Liquid dosage forms for oral and parenteral administration include pharmaceutically acceptable emulsions, microemulsions, solutions, suspensions, syrups and elixirs. In addition to the active ingredients, the liquid dosage forms may comprise inert diluents commonly used in the art such as, for example, water or other solvents, solubilizing agents and emulsifiers such as ethyl alcohol, isopropyl alcohol, ethyl carbonate, ethyl acetate, benzyl alcohol, benzyl benzoate, propylene glycol, 1,3-butylene glycol, dimethylformamide, oils (e.g., cottonseed, groundnut, corn, germ, olive, castor, and sesame oils), glycerol, tetrahydrofurfuryl alcohol, polyethylene glycols and fatty acid esters of sorbitan, and mixtures thereof. Besides inert diluents, the oral compositions can include adjuvants such as wetting agents, emulsifying and suspending agents, sweetening, flavoring, and perfuming agents. In certain embodiments for parenteral administration, the conjugates described herein are mixed with solubilizing agents such as Cremophor®, alcohols, oils, modified oils, glycols, polysorbates, cyclodextrins, polymers, and mixtures thereof.

Injectable preparations, for example, sterile injectable aqueous or oleaginous suspensions can be formulated according to the known art using suitable dispersing or wetting agents and suspending agents.
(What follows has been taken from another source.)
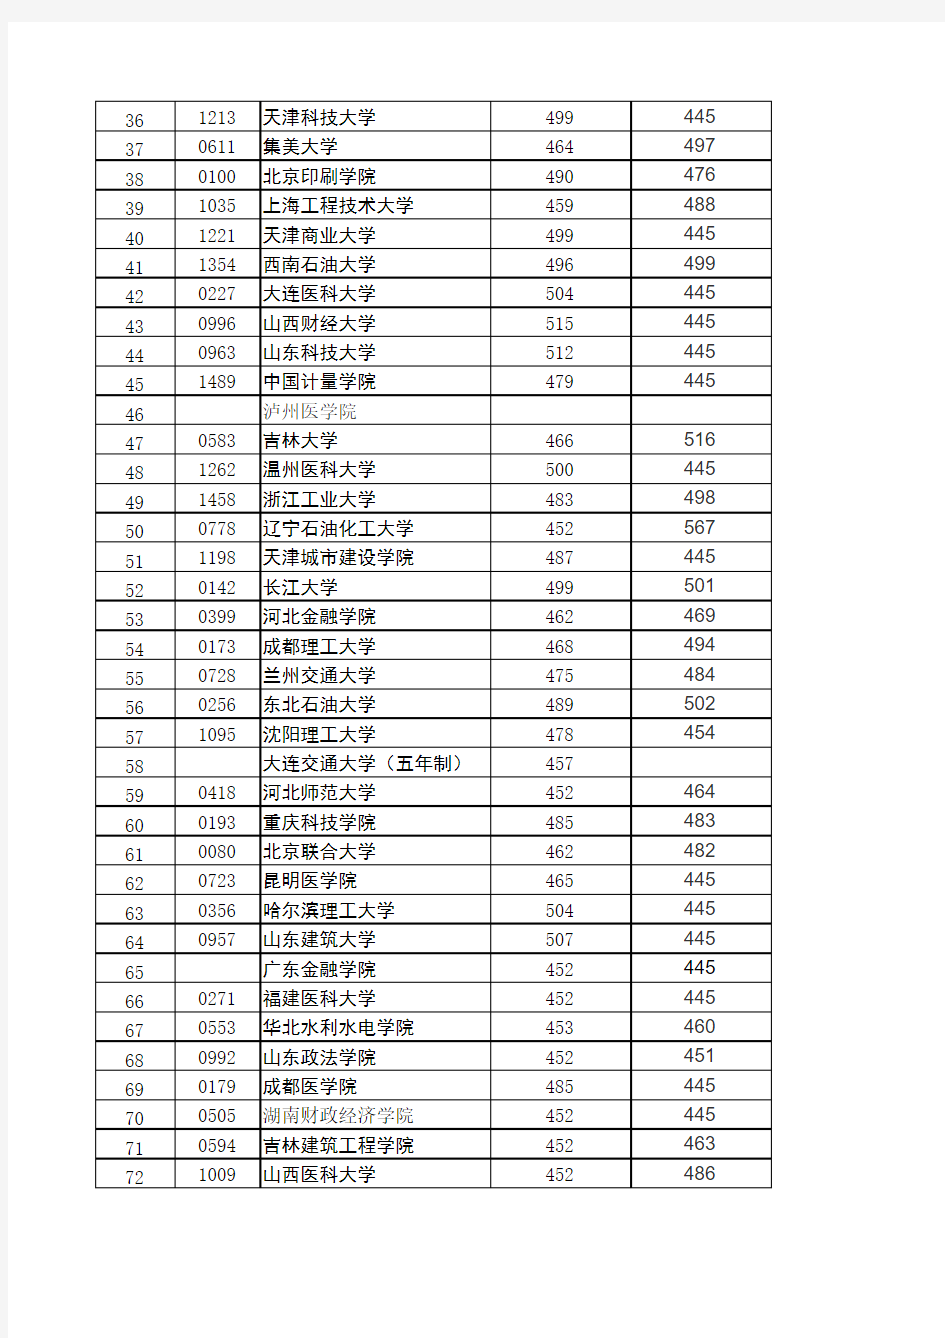 2011-2014辽宁省高考理科二本最低录取分数线及2015预测

The sterile injectable preparation can be a sterile injectable solution, suspension, or emulsion in a nontoxic parenterally acceptable diluent or solvent, for example, as a solution in 1,3-butanediol. Among the acceptable vehicles and solvents that can be employed are water, Ringer's solution, U.S.P., and isotonic sodium chloride solution. In addition, sterile, fixed oils are conventionally employed as a solvent or suspending medium. For this purpose any bland fixed oil can be employed including synthetic mono- or di-glycerides. In addition, fatty acids such as oleic acid are used in the preparation of injectables.

The injectable formulations can be sterilized, for example, by filtration through a bacterial-retaining filter, or by incorporating sterilizing agents in the form of sterile solid compositions which can be dissolved or dispersed in sterile water or other sterile injectable medium prior to use.

In order to prolong the effect of a drug, it is often desirable to slow the absorption of the drug from subcutaneous or intramuscular injection. This can be accomplished by the use of a liquid suspension of crystalline or amorphous material with poor water solubility. The rate of absorption of the drug then depends upon its rate of dissolution, which, in turn, may depend upon crystal size and crystalline form. Alternatively, delayed absorption of a parenterally administered drug form may be accomplished by dissolving or suspending the drug in an oil vehicle.

Compositions for rectal or vaginal administration are typically suppositories which can be prepared by mixing the conjugates described herein with suitable non-irritating excipients or carriers such as cocoa butter, polyethylene glycol, or a suppository wax which are solid at ambient temperature but liquid at body temperature and therefore melt in the rectum or vaginal cavity and release the active ingredient.

Solid dosage forms for oral administration include capsules, tablets, pills, powders, and granules. In such solid dosage forms, the active ingredient is mixed with at least one inert, pharmaceutically acceptable excipient or carrier such as sodium citrate or dicalcium phosphate and/or (a) fillers or extenders such as starches, lactose, sucrose, glucose, mannitol, and silicic acid, (b) binders such as, for example, carboxymethylcellulose, alginates, gelatin, polyvinylpyrrolidinone, sucrose, and acacia, (c) humectants such as glycerol, (d) disintegrating agents such as agar, calcium carbonate, potato or tapioca starch, alginic acid, certain silicates, and sodium carbonate, (e) solution retarding agents such as paraffin, (f) absorption accelerators such as quaternary ammonium compounds, (g) wetting agents such as, for example, cetyl alcohol and glycerol monostearate, (h) absorbents such as kaolin and bentonite clay, and (i) lubricants such as talc, calcium stearate, magnesium stearate, solid polyethylene glycols, sodium lauryl sulfate, and mixtures thereof. In the case of capsules, tablets, and pills, the dosage form may include a buffering agent.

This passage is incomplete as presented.